Government officials ignored and then delayed action on addressing California’s methane problem, despite the fact that the leak forced thousands of Los Angeles residents from their homes and the stench of gas fumes sickened many area residents. All the while, the Southern California Gas Co. insisted the leak, which the company itself deemed a major public nuisance, posed no immediate public safety threat.

The broken well spewed some 96,000 metric tons of climate-changing methane gas into the atmosphere, according to the Environmental Defense Fund. Tunnel vision is a serious problem in U.S. boardrooms and in taxpayer-funded offices in Washington, D.C. Good thing these people have quality health care.

About a month after the terrorists attacks of Sept. 11, a senior FBI official told the House Committee on Transportation and Infrastructure that “due to the vital importance of water to all life forms … the FBI considers all threats to attack the water supply as serious threats.”

More than a dozen years later, callous Michigan officials terrorized a downtrodden city of some 100,000 people by poisoning its water supply in the name of saving money. The government-sponsored campaign lasted more than a year — even though officials were made aware of the public health threat much earlier — caused widespread illness and potentially permanent brain damage among some of Flint’s youngest residents.

No arrests have yet been made, but at least one presidential candidate defended Gov. Rick Snyder’s response to Flint’s water crisis and said the focus should be on fixing the city’s drinking-water system instead of blaming people. You seldom hear a Beltway politician say the same thing about our failed war on drugs. That broken system incarcerates people for smoking marijuana, and instead of rehabilitating drug addicts, creates inmates for the privatized prison industry.

Meanwhile, a Utah senator is holding up $220 million in federal aid to replace Flint’s lead-contaminated water pipes, make other infrastructure improvements in the city and bolster lead-prevention programs nationwide. He has called the bipartisan aid package earmarked for a city that was poisoned by its government “political grandstanding.”

He should know, as he proudly continues Congress’ practice of using tragedy as a political weapon to jam ideological beliefs down everyone’s throats. The non-democratic practice also is a favorite tool in statehouses across the country.
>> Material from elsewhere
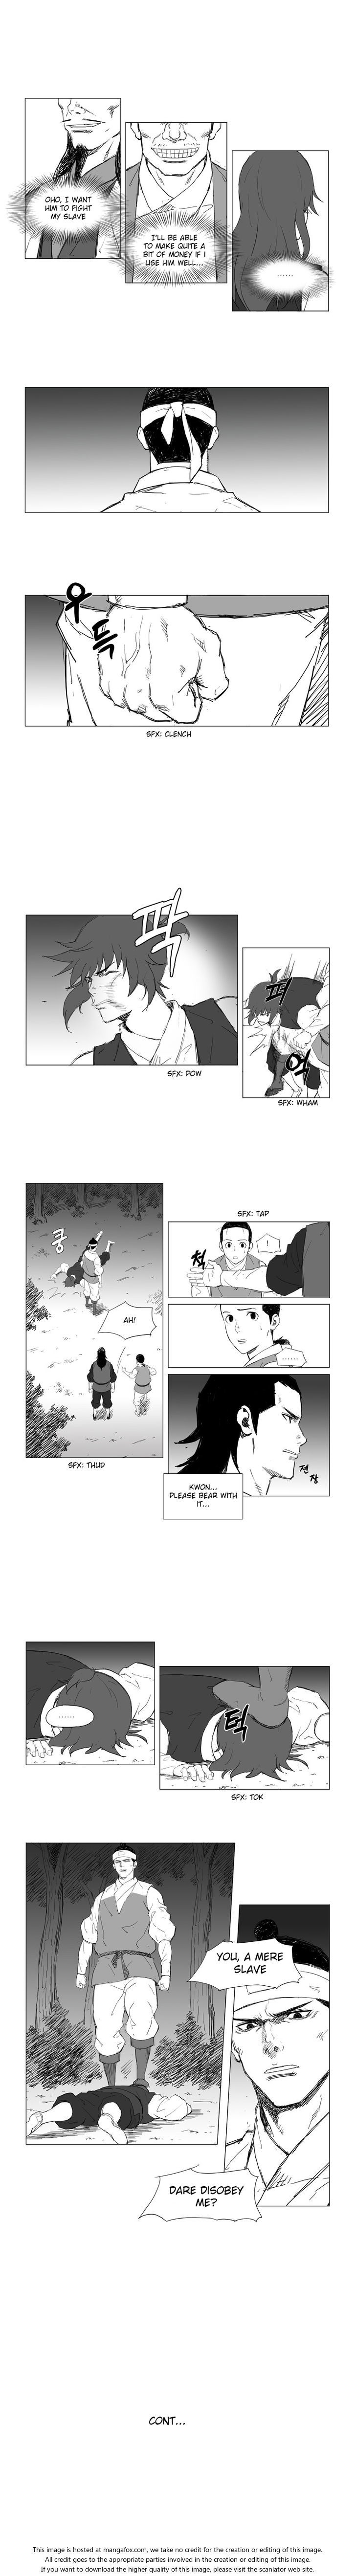 Mujang Chapter 006 page 4
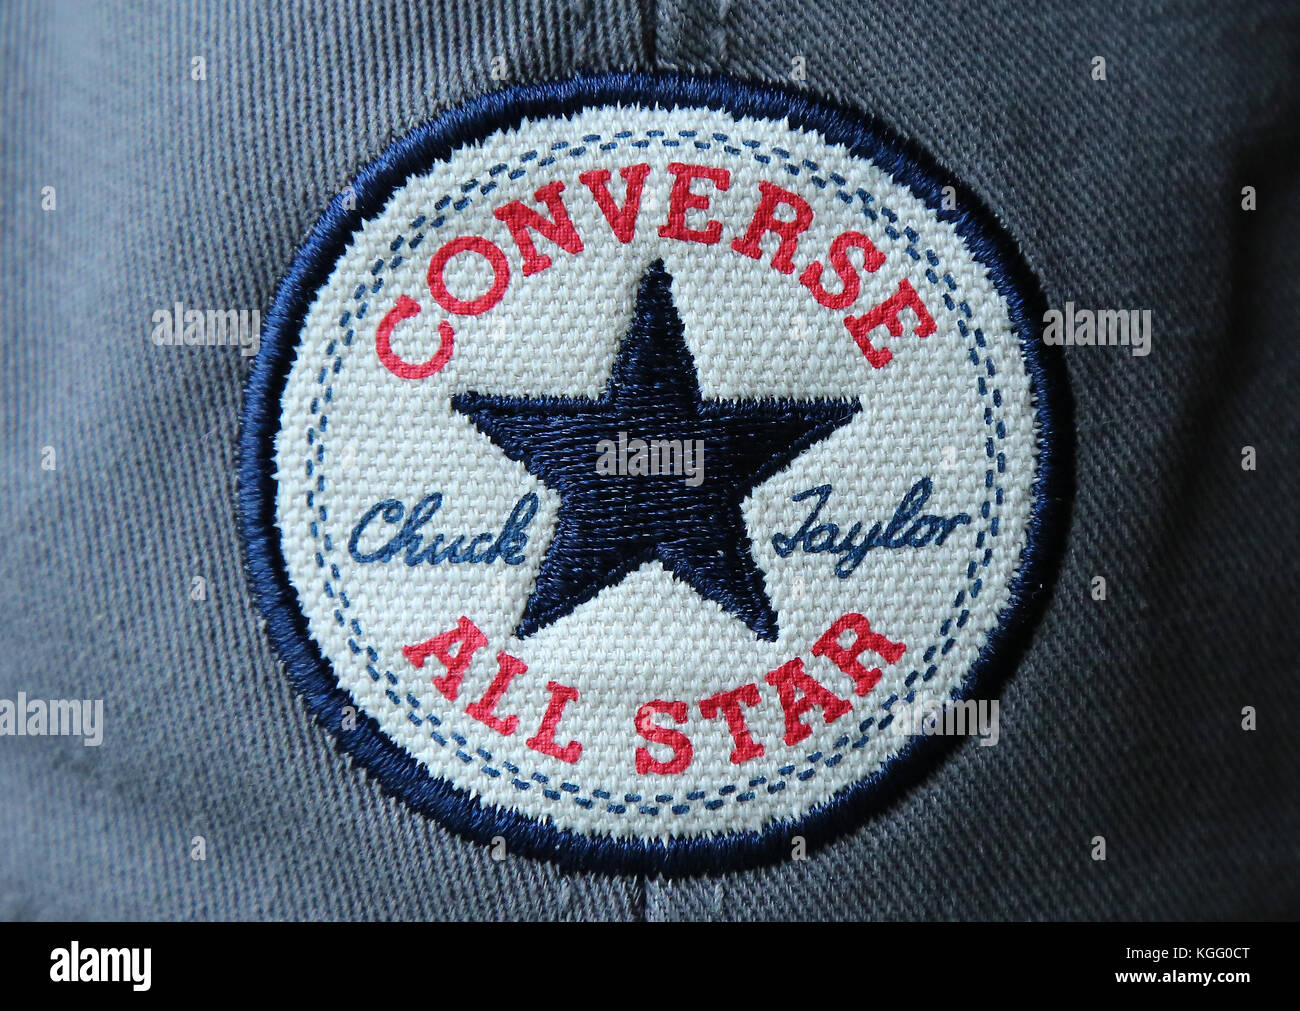 Converse All Star Chuck Taylor Baseball Cap gestickter Schriftzug auf eine  Baseballmütze Stockfotografie - Alamy

Michigan, for example, has one of the most severe emergency-manager laws in the country, allowing the governor to appoint an unelected agent to take over local governments when municipalities or their institutions have been deemed to be in a “financial emergency.” The opposite happens when Wall Street causes a financial emergency.

Michigan’s business executive/venture capitalist governor pushed for and signed legislation that strengthened the law, and has used it aggressively to impose his version of fiscal austerity on Detroit and Flint. His emergency managers are granted sweeping powers to override local governments, to make budget cuts, sell public property and renegotiate union contracts.

Basically, govern like a dictator.

Politicians, at the local, state and federal levels, underfund public school systems, rail against teachers unions and then bemoan standardized tests scores, which do nothing but generate profits for private businesses not particularly invested in public education.

How do we remove big money and special interests from politics? We could stop voting against our best interests. Stop voting for brands and labels, and start supporting candidates who really want to make change. Encourage high-character people to run for office. And always follow the money.

Frank Carini is the ecoRI News editor.